Data:
================

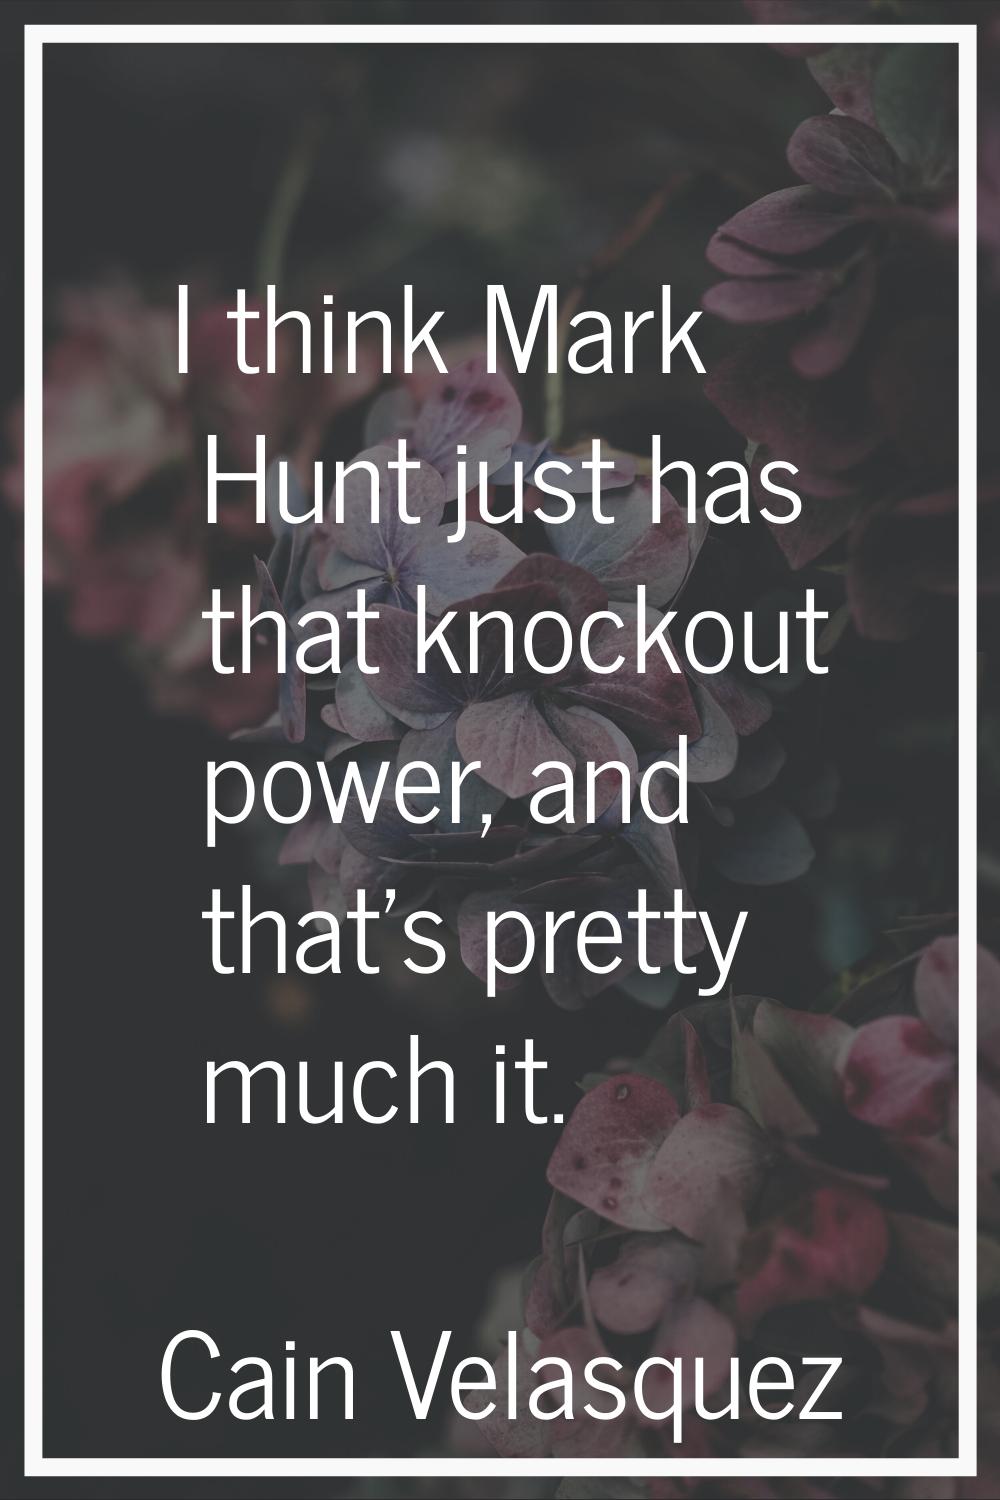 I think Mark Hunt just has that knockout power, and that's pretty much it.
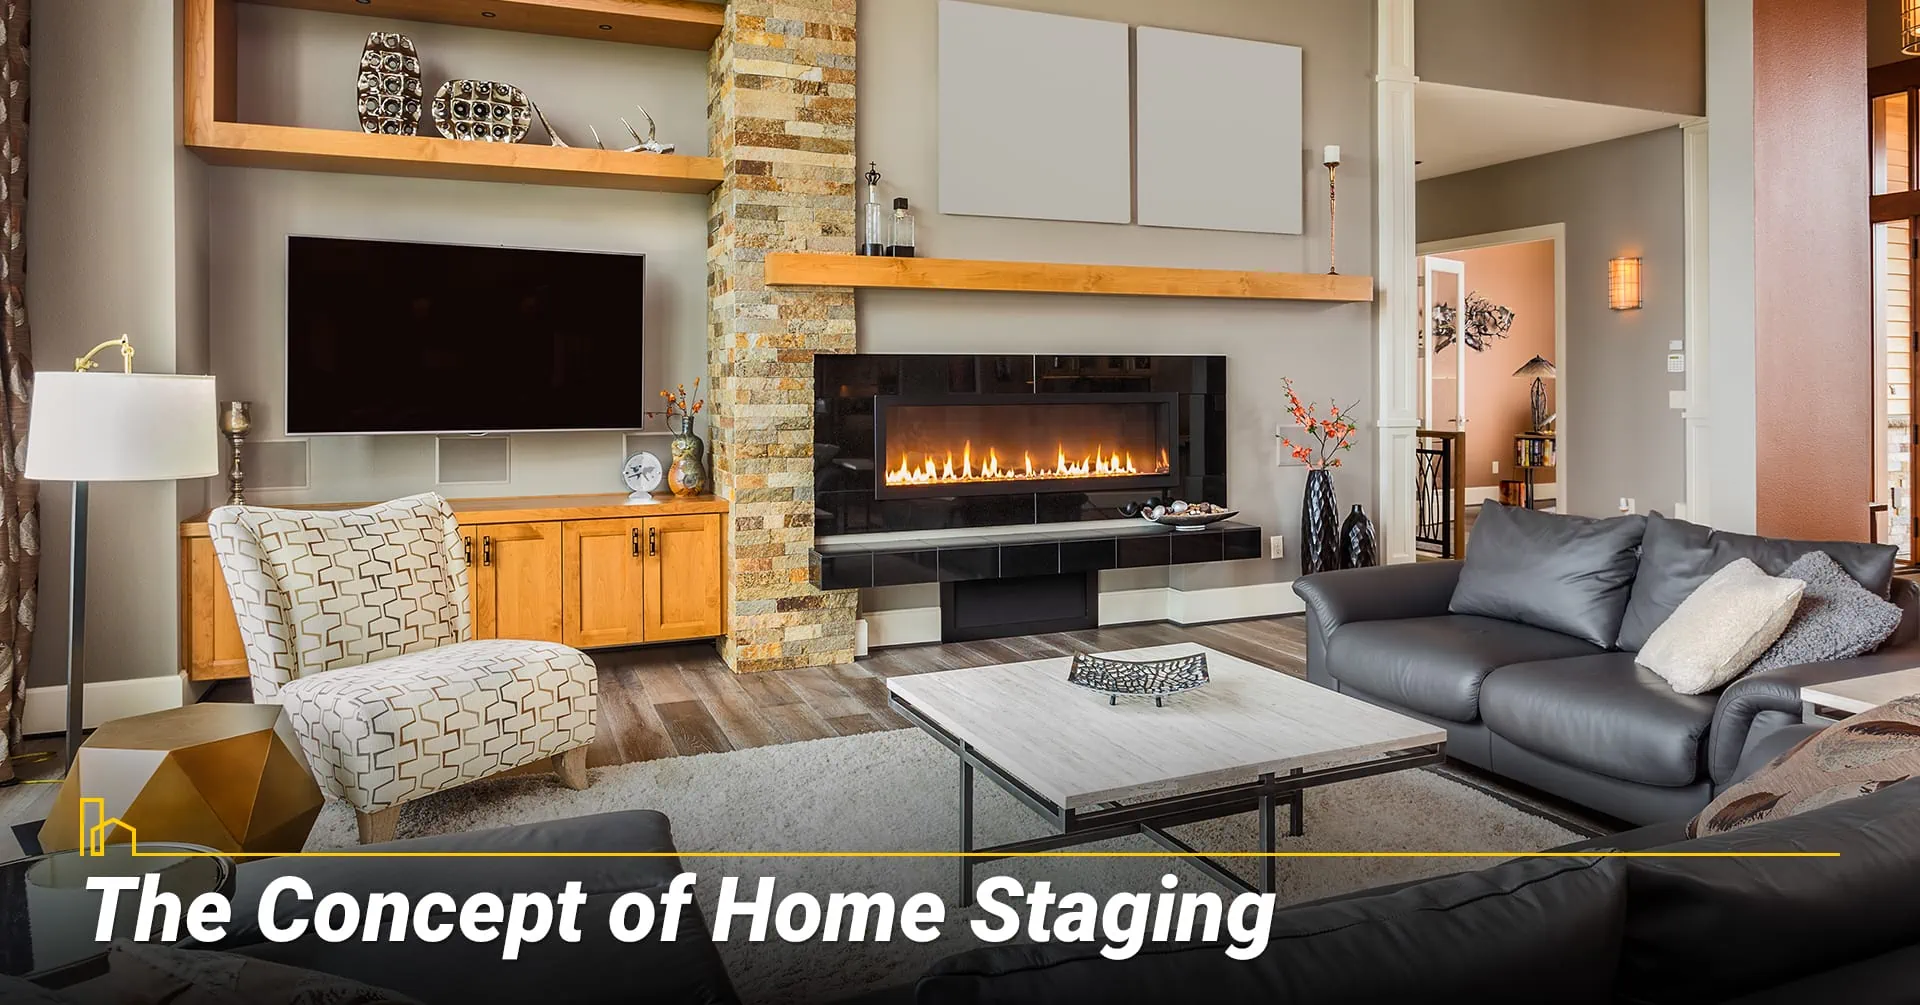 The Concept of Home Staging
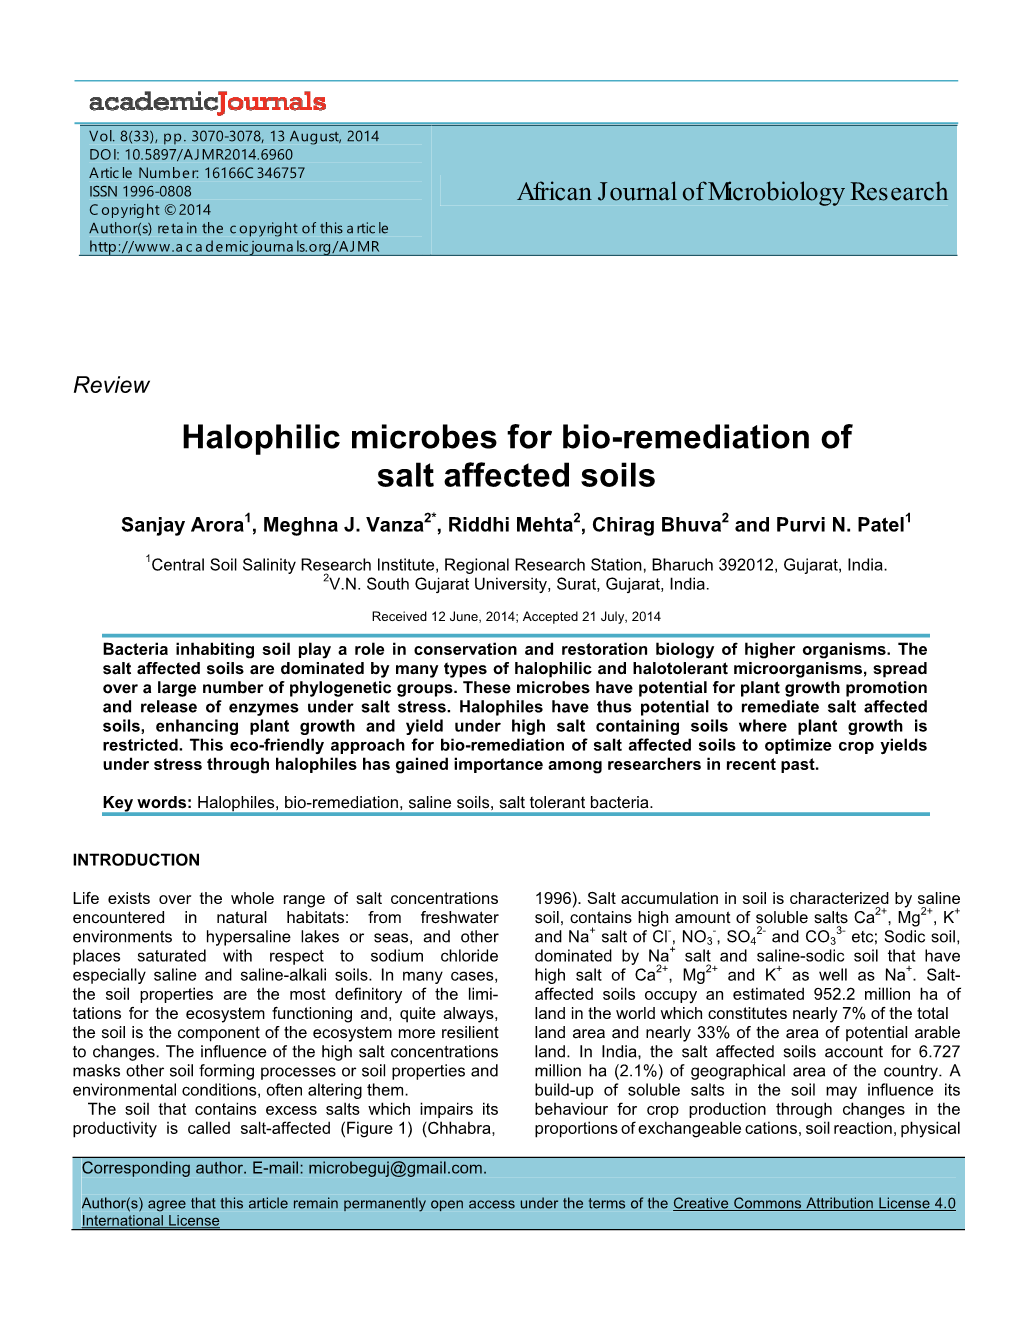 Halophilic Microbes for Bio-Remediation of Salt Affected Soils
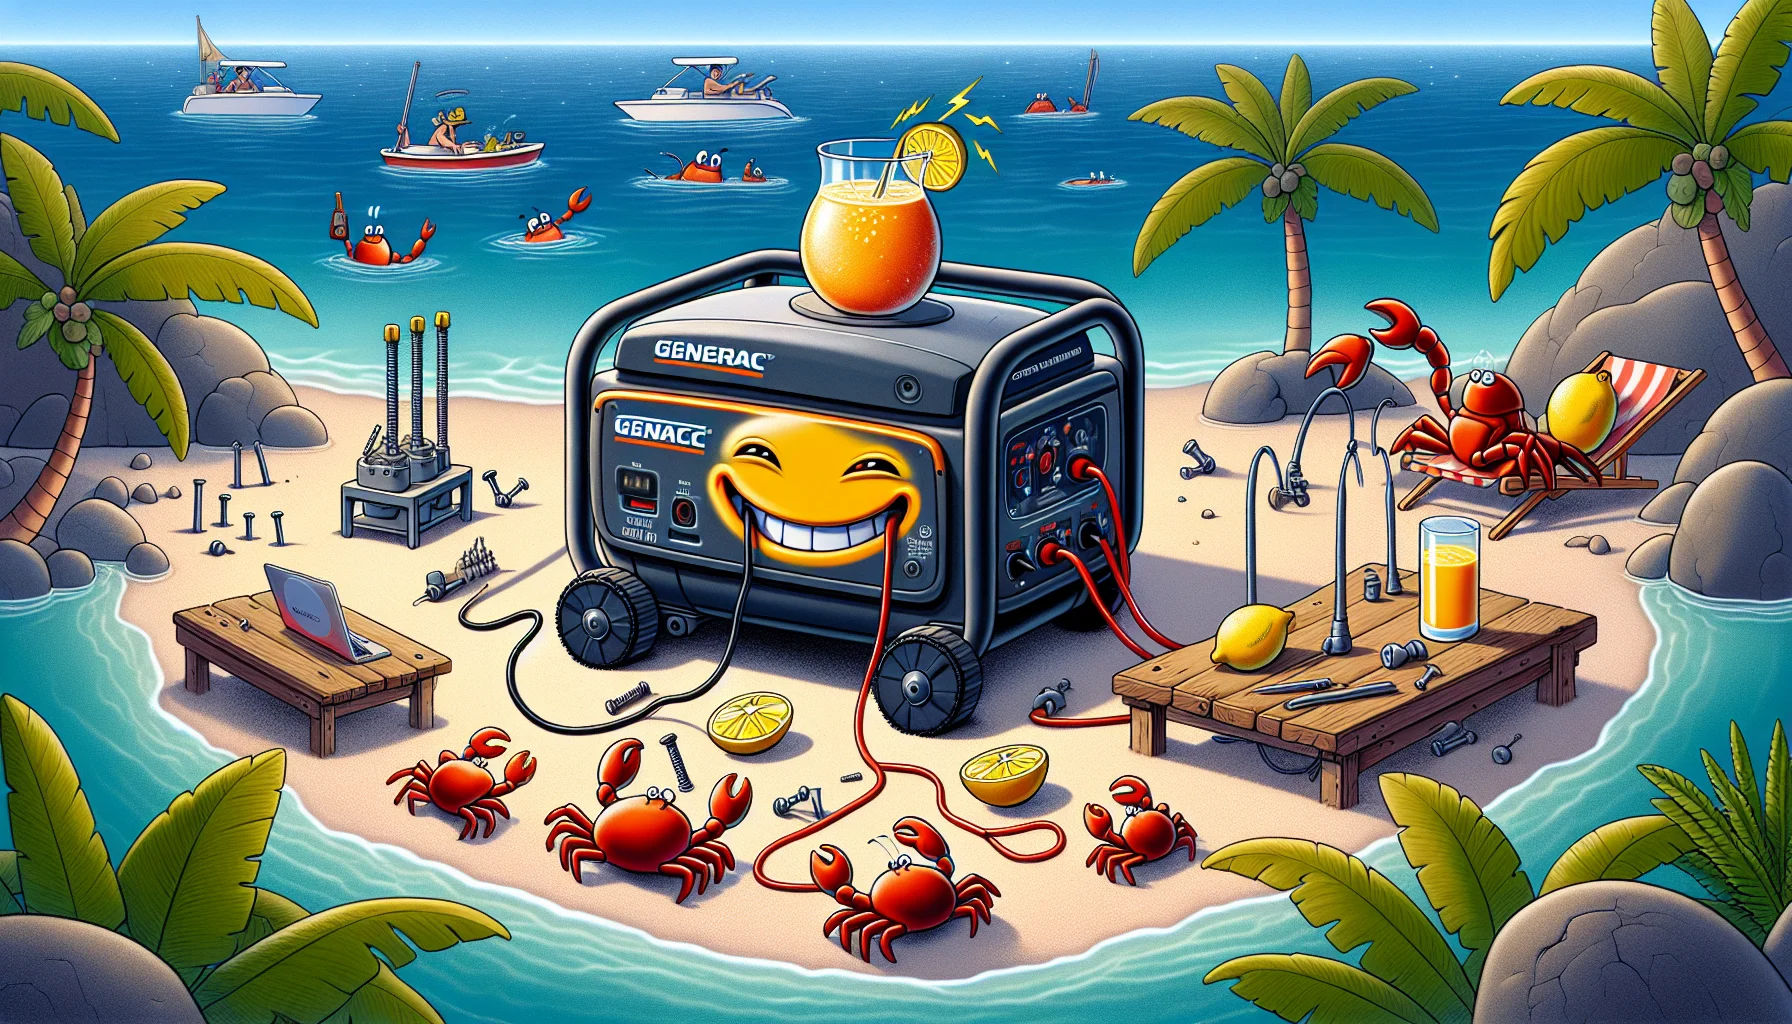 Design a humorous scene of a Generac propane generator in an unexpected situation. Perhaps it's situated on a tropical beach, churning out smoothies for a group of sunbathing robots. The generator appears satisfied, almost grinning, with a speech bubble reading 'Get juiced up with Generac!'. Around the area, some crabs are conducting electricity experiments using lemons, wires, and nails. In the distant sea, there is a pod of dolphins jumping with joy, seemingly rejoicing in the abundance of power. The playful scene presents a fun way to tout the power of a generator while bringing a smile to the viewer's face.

================

Problem to work on: An exact copy is needed of the lines running from the one containing "The Concept of Home Staging" through the last line of the material, and of no others; pictures stay out.

Answer space:
 The Concept of Home Staging
 Halophilic Microbes for Bio-Remediation of Salt Affected Soils
 Design a humorous scene of a Generac propane generator in an unexpected situation. Perhaps it's situated on a tropical beach, churning out smoothies for a group of sunbathing robots. The generator appears satisfied, almost grinning, with a speech bubble reading 'Get juiced up with Generac!'. Around the area, some crabs are conducting electricity experiments using lemons, wires, and nails. In the distant sea, there is a pod of dolphins jumping with joy, seemingly rejoicing in the abundance of power. The playful scene presents a fun way to tout the power of a generator while bringing a smile to the viewer's face.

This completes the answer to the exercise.